# Where do you keep all your bags/purses?



## greeneyedangel (Jul 7, 2008)

My closet is getting really disorganized! I have my purses and bags thrown everywhere. I'm really into big bags too so this doesnt help. How do you keep your bags organized and where do you keep them?????


----------



## Marisol (Jul 7, 2008)

I keep them in my closet. I use this to keep them organized.

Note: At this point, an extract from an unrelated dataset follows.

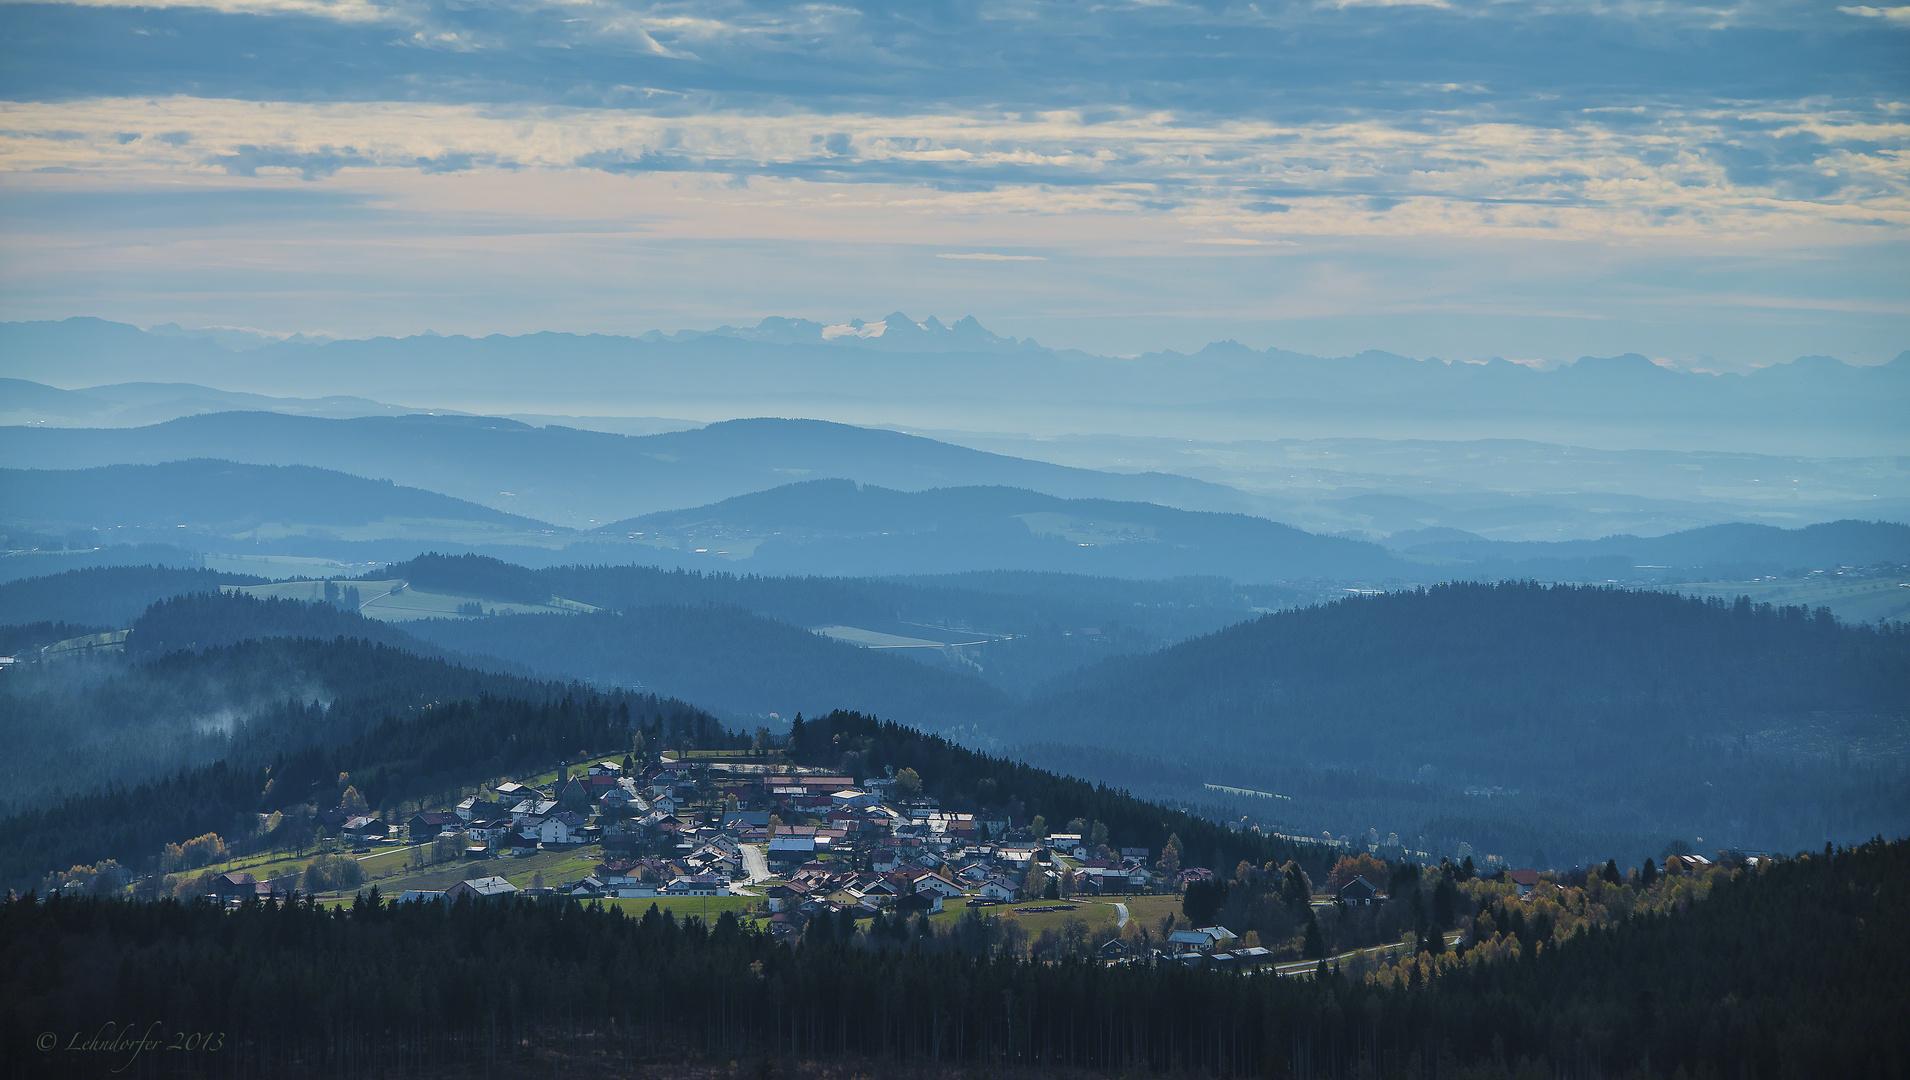 Blick über Finsterau, die Höhenzüge des Bayerischen Waldes bis hin zu den Alpen

I got two at Ikea for $7. I keep them pretty packed and because I empty out my purses/wallet when not in use I can stack a lot in it and it isn't too heavy.


----------



## Bec688 (Jul 7, 2008)

I have a shelf in the top of my wardrobe that I line them up on, though I've reached the point where I can't fit anymore in lol (and my wardrobe is pretty big!) I might have to have a look at that bag holder Marisol posted, next time I'm in Ikea.


----------



## cherryblossom13 (Jul 7, 2008)

I keep mine in my closet, but I have way too many as well. I got an over the door holder from Target Online for like 15 bux. I think it holds about 15 purses. I just hung my cutest ones up there so it doesn't look junky or cluttered.


----------



## Anthea (Jul 7, 2008)

Mine are in my top shelf of my wardrobe, I don't have all that many so its not a problem at present.


----------



## monniej (Jul 7, 2008)

i use the top shelves of closet.


----------



## internetchick (Jul 7, 2008)

Top shelf, stored in their dust bags.


----------



## Aprill (Jul 7, 2008)

*hides in shame*

lemon scented trash bags, lmao


----------



## Orangeeyecrayon (Jul 7, 2008)

i keep some on a book shelf i have and the ones that i eitehr dontuse offten or cant stand up easily i have an under bed basket i put them in


----------



## xtiffanyx (Jul 7, 2008)

I keep mine on the top shelf of my closet, and some on a bookshelf. There is no more room, so some are scattered on my floor



.


----------



## kdmakeuparts (Jul 7, 2008)

Yikes, mine are scattered all along the bottom of my closet!


----------



## FrenzyTheCat (Jul 8, 2008)

I store all of my accessories on a book case. I gave away a lot of my bags that i never really use though so they actually fit now. Before that half were on the bookcase and half were in my closet.


----------



## Karren (Jul 9, 2008)

Top closet shelf......


----------



## pinksugar (Jul 9, 2008)

I have two shelves under my desk, I have 2 plastic boxes on the bottom shelf, one for clutches, the other for bigger bags, and the biggest bags of all go on the top shelf





It's getting full though!


----------



## juxtapose (Jul 9, 2008)

in its dustbag on the shelf in my walk-in closet which is almost the size of some peoples bedroom.


----------



## CellyCell (Jul 10, 2008)

In a big container - it barely holds all my bags.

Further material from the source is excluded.